# Shelby Flying Cloud Restoration



## TXClassics (Jan 8, 2017)

I picked this up last fall at a swap meet here in TX. It's a 1934-1935 Shelby Flying Cloud 26" Men's Bike. Pretty complete, there are few spots where the frame has been welded on, but I can fix those. 




 
Only pic I have at the moment, going to pull it out of storage tomorrow to start the restoration...

Big question I have is how rare is this head badge:



Anyone have any info on this one versus the more typical one depicting a ship?

That's the only image on Google I can find that matches the badge on the bike. which is pretty worn and should really be replaced or restored. If anyone knows where to find a really nice one like this I'd be a cash buyer.
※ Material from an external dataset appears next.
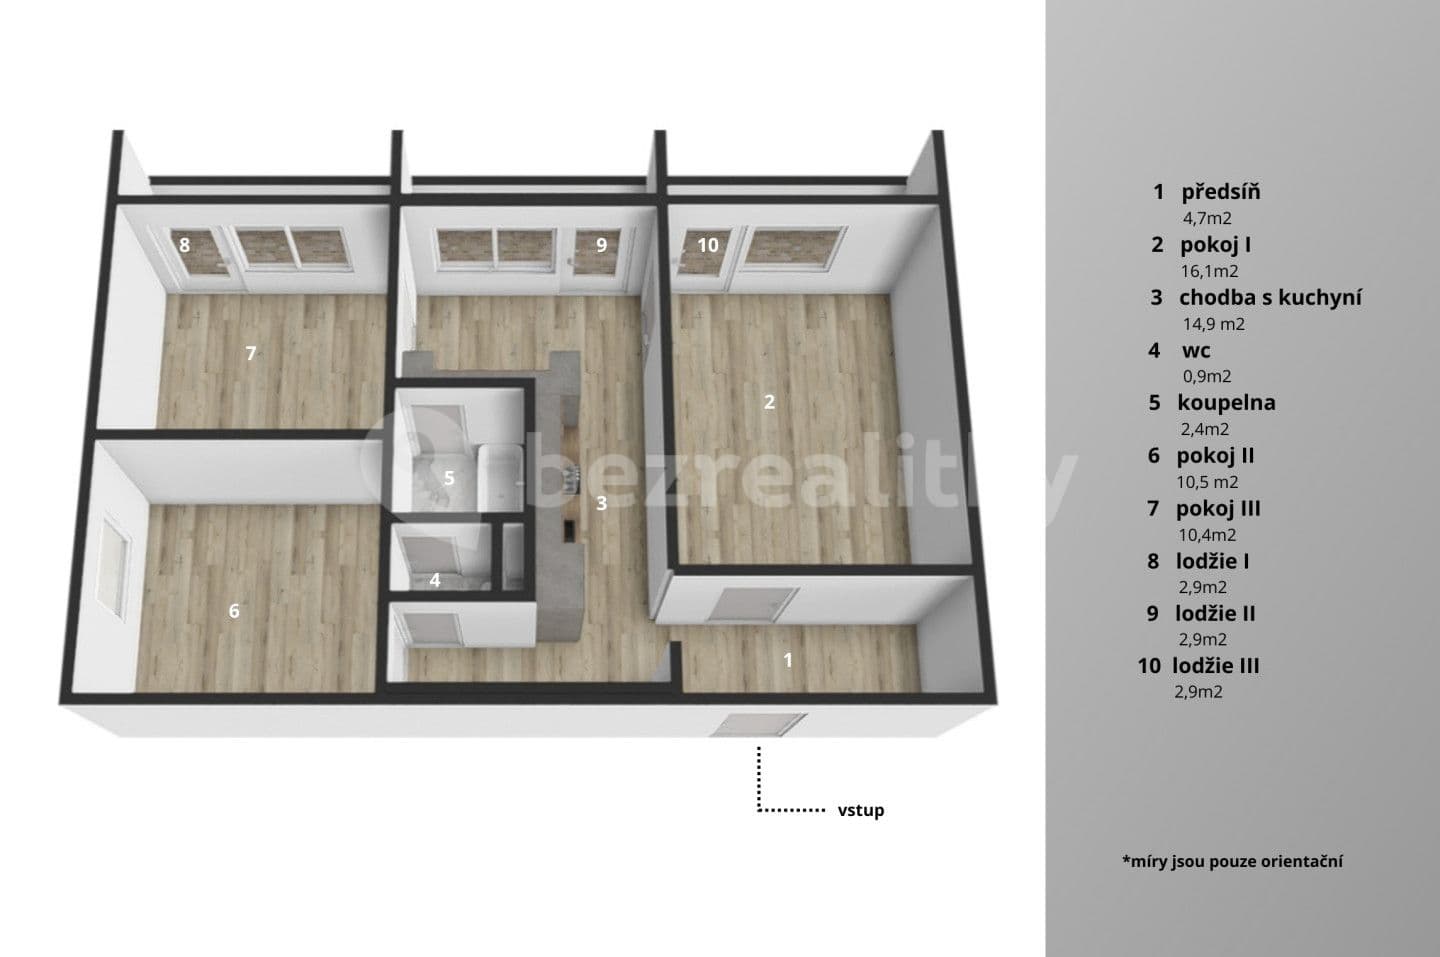 3 bedroom flat for sale, 63 m², Budovatelská, Klášterec nad Ohří, Ústecký Region
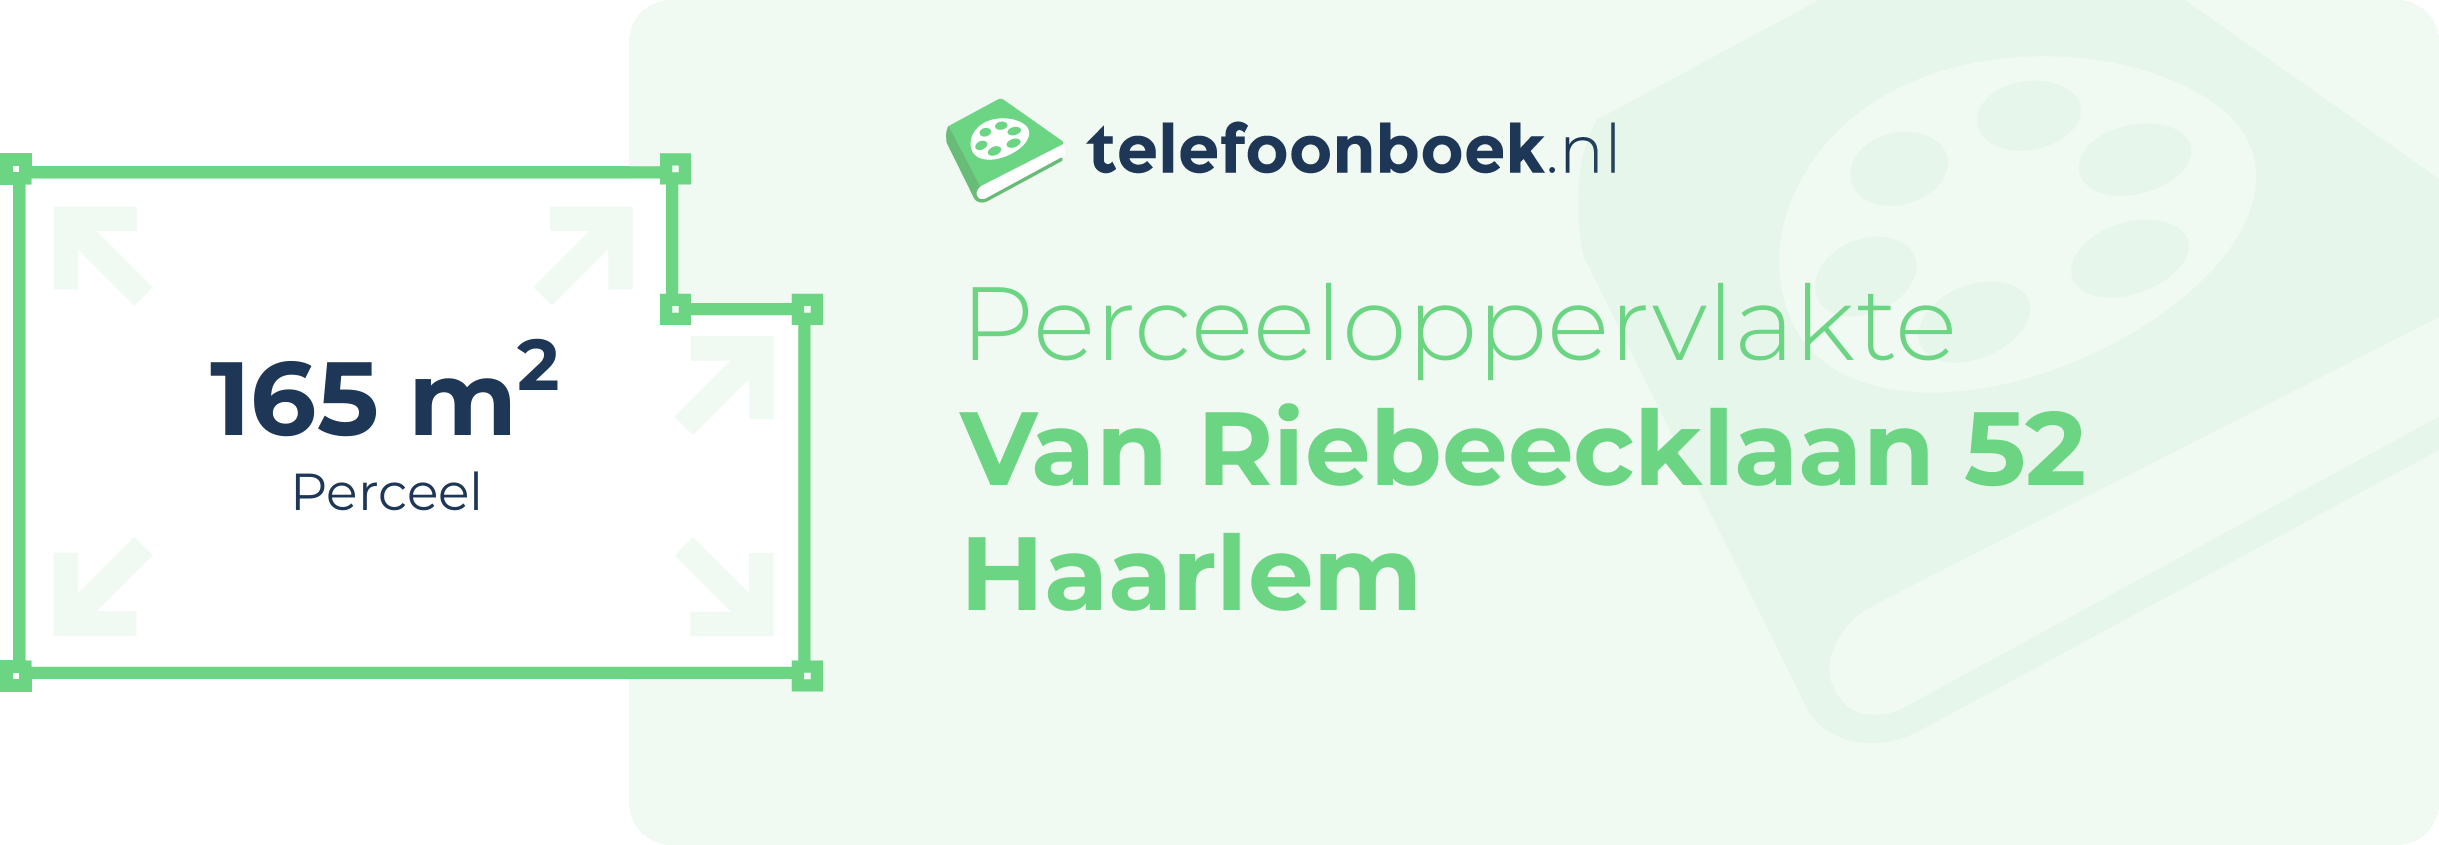 Perceeloppervlakte Van Riebeecklaan 52 Haarlem

Plans are to do a period-correct restoration, I know the bike probably isn't worth much restored, I just would love to have an awesome pre-war bike to show off. 

~Peter


----------



## Freqman1 (Jan 8, 2017)

I'd say that is a pretty scarce badge. I've personally never seen it before. To restore that bike will probably be double what it is worth when you are done. Not trying to discourage you but chrome plating is outrageous these days and a correct factory paint job, cad plating, seat restoration, etc... is going to be expensive. Good luck regardless. V/r Shawn


----------



## TXClassics (Jan 8, 2017)

Shawn, you got that right. It's a pretty rare bike to source parts for, and I know chroming costs would alone exceed the value of the bike... I'm just at a point where I want to get back into the bicycle hobby, and looking at which of my bikes is the best starting point. :/

~Peter


----------



## Freqman1 (Jan 9, 2017)

Actually the bike itself isn't that rare and parts-guard? shouldn't be a real problem. If you want a really nice looking bike it would probably be cheaper to either buy a nice original or a bike that has already been restored. V/r Shawn


----------



## cyclonecoaster.com (Jan 9, 2017)

The headbadge is a early version of the "Flying Cloud" badge - not as common as the later style - very cool though & one of my favorites for a Shelby

As for the bike itself - Many versions of that bicycle were produced - the light & bars are not correct - fenders probably not either & it looks like it has a regular pitch chain with a skip tooth sprocket since the wheelset looks to be mis-matched - but it is still a great comfortable bicycle to ride - restoration is not my thing since the cost will exceed the overall value - I always suggest to purchase a bicycle as complete as you want it - condition and all - since the parts that are missing are usually the money parts - common parts to make it a rider are easily found on here or ebay online - just pay attention to the shipping costs - maybe one seller has a few items that can be combined to save on the shipping - patience is the real key  

So I would suggest to grease it up - find a comfortable seat or get a new top for the one on it restored ( not usually cheap - but worth the money if you're going to ride it ) - air up the tires & ride it until you find another that catches your eye -

Ride Vintage - Frank


----------



## blasterracing (Jan 10, 2017)

Peter:
     That badge is one you don't see all that often.  Pretty cool in my opinion.  Only restore the bike if you want to enjoy it yourself.  You will never get your money back out of it.  Paintwork and chrome is extremely expensive anymore.  I personally love restored bikes, but I only restore them to enjoy and not to make a profit from.  I love fresh chrome and paint!!!!  Just my opinion though. 

Tim Newmeyer
Shelby, Ohio


----------



## azbug-i (Jan 15, 2017)

Wonderful bike and i amazing badge too


----------



## ranman (Jan 16, 2017)

Very, very nice. Have you considered trying to bring existing paint back? I mean if there is any - hard to tell from the pic. Good ole oxylic (sp - wood bleach bath) might bring back some of the original paint. If there is no paint left I really like wiping crusties down with boiled linseed oil. That bike is a head turner for sure! If it were mine I would redo the seat, get a skip tooth chain, clean it grease it and ride it! Maybe keep an eye open for the correct bars etc at swap meets. At any rate the good thing about it is that it is your bike and you can do whatever you want!


----------



## Wards Guy.. (Feb 27, 2017)




----------



## Wards Guy.. (Feb 27, 2017)

That badges really different, this is on my flying cloud Camelback.


----------